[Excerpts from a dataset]
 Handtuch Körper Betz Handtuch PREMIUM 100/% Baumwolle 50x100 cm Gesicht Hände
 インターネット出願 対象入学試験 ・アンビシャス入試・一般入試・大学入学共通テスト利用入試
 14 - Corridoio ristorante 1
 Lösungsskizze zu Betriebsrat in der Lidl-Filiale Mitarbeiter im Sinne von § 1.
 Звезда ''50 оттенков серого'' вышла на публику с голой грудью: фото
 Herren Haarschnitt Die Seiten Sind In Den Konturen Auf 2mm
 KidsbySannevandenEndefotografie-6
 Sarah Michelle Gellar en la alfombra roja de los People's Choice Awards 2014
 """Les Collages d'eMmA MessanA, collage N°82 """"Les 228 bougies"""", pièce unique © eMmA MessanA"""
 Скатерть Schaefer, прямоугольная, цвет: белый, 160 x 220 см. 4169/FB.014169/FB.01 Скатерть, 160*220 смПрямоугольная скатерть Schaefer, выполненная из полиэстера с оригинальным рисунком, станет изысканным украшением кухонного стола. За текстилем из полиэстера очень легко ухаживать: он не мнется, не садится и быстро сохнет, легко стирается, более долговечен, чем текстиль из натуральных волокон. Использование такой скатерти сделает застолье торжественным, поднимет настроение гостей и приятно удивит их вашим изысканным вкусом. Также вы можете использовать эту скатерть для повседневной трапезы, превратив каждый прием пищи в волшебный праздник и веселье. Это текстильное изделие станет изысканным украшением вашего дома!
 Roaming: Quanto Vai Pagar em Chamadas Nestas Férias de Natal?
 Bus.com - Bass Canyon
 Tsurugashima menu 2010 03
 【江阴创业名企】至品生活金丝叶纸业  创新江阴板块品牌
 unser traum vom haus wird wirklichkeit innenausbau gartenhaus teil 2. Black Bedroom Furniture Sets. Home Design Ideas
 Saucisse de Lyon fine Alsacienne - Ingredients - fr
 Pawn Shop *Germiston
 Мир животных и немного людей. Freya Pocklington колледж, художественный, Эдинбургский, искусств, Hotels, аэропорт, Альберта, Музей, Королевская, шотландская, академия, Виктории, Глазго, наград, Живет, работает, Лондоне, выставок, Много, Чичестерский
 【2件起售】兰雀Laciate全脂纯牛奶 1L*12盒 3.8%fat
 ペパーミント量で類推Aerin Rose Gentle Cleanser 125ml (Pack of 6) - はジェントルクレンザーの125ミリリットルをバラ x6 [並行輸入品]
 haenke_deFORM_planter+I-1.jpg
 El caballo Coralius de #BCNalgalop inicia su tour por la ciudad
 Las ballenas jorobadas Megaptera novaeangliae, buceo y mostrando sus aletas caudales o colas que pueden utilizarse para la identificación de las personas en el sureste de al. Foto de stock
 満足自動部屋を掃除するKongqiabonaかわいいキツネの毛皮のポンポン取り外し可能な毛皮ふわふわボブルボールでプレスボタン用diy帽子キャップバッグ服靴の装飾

What is needed
For this exercise, output the entries above exactly as written.

Solution for this problem
 Handtuch Körper Betz Handtuch PREMIUM 100/% Baumwolle 50x100 cm Gesicht Hände
 インターネット出願 対象入学試験 ・アンビシャス入試・一般入試・大学入学共通テスト利用入試
 14 - Corridoio ristorante 1
 Lösungsskizze zu Betriebsrat in der Lidl-Filiale Mitarbeiter im Sinne von § 1.
 Звезда ''50 оттенков серого'' вышла на публику с голой грудью: фото
 Herren Haarschnitt Die Seiten Sind In Den Konturen Auf 2mm
 KidsbySannevandenEndefotografie-6
 Sarah Michelle Gellar en la alfombra roja de los People's Choice Awards 2014
 """Les Collages d'eMmA MessanA, collage N°82 """"Les 228 bougies"""", pièce unique © eMmA MessanA"""
 Скатерть Schaefer, прямоугольная, цвет: белый, 160 x 220 см. 4169/FB.014169/FB.01 Скатерть, 160*220 смПрямоугольная скатерть Schaefer, выполненная из полиэстера с оригинальным рисунком, станет изысканным украшением кухонного стола. За текстилем из полиэстера очень легко ухаживать: он не мнется, не садится и быстро сохнет, легко стирается, более долговечен, чем текстиль из натуральных волокон. Использование такой скатерти сделает застолье торжественным, поднимет настроение гостей и приятно удивит их вашим изысканным вкусом. Также вы можете использовать эту скатерть для повседневной трапезы, превратив каждый прием пищи в волшебный праздник и веселье. Это текстильное изделие станет изысканным украшением вашего дома!
 Roaming: Quanto Vai Pagar em Chamadas Nestas Férias de Natal?
 Bus.com - Bass Canyon
 Tsurugashima menu 2010 03
 【江阴创业名企】至品生活金丝叶纸业  创新江阴板块品牌
 unser traum vom haus wird wirklichkeit innenausbau gartenhaus teil 2. Black Bedroom Furniture Sets. Home Design Ideas
 Saucisse de Lyon fine Alsacienne - Ingredients - fr
 Pawn Shop *Germiston
 Мир животных и немного людей. Freya Pocklington колледж, художественный, Эдинбургский, искусств, Hotels, аэропорт, Альберта, Музей, Королевская, шотландская, академия, Виктории, Глазго, наград, Живет, работает, Лондоне, выставок, Много, Чичестерский
 【2件起售】兰雀Laciate全脂纯牛奶 1L*12盒 3.8%fat
 ペパーミント量で類推Aerin Rose Gentle Cleanser 125ml (Pack of 6) - はジェントルクレンザーの125ミリリットルをバラ x6 [並行輸入品]
 haenke_deFORM_planter+I-1.jpg
 El caballo Coralius de #BCNalgalop inicia su tour por la ciudad
 Las ballenas jorobadas Megaptera novaeangliae, buceo y mostrando sus aletas caudales o colas que pueden utilizarse para la identificación de las personas en el sureste de al. Foto de stock
 満足自動部屋を掃除するKongqiabonaかわいいキツネの毛皮のポンポン取り外し可能な毛皮ふわふわボブルボールでプレスボタン用diy帽子キャップバッグ服靴の装飾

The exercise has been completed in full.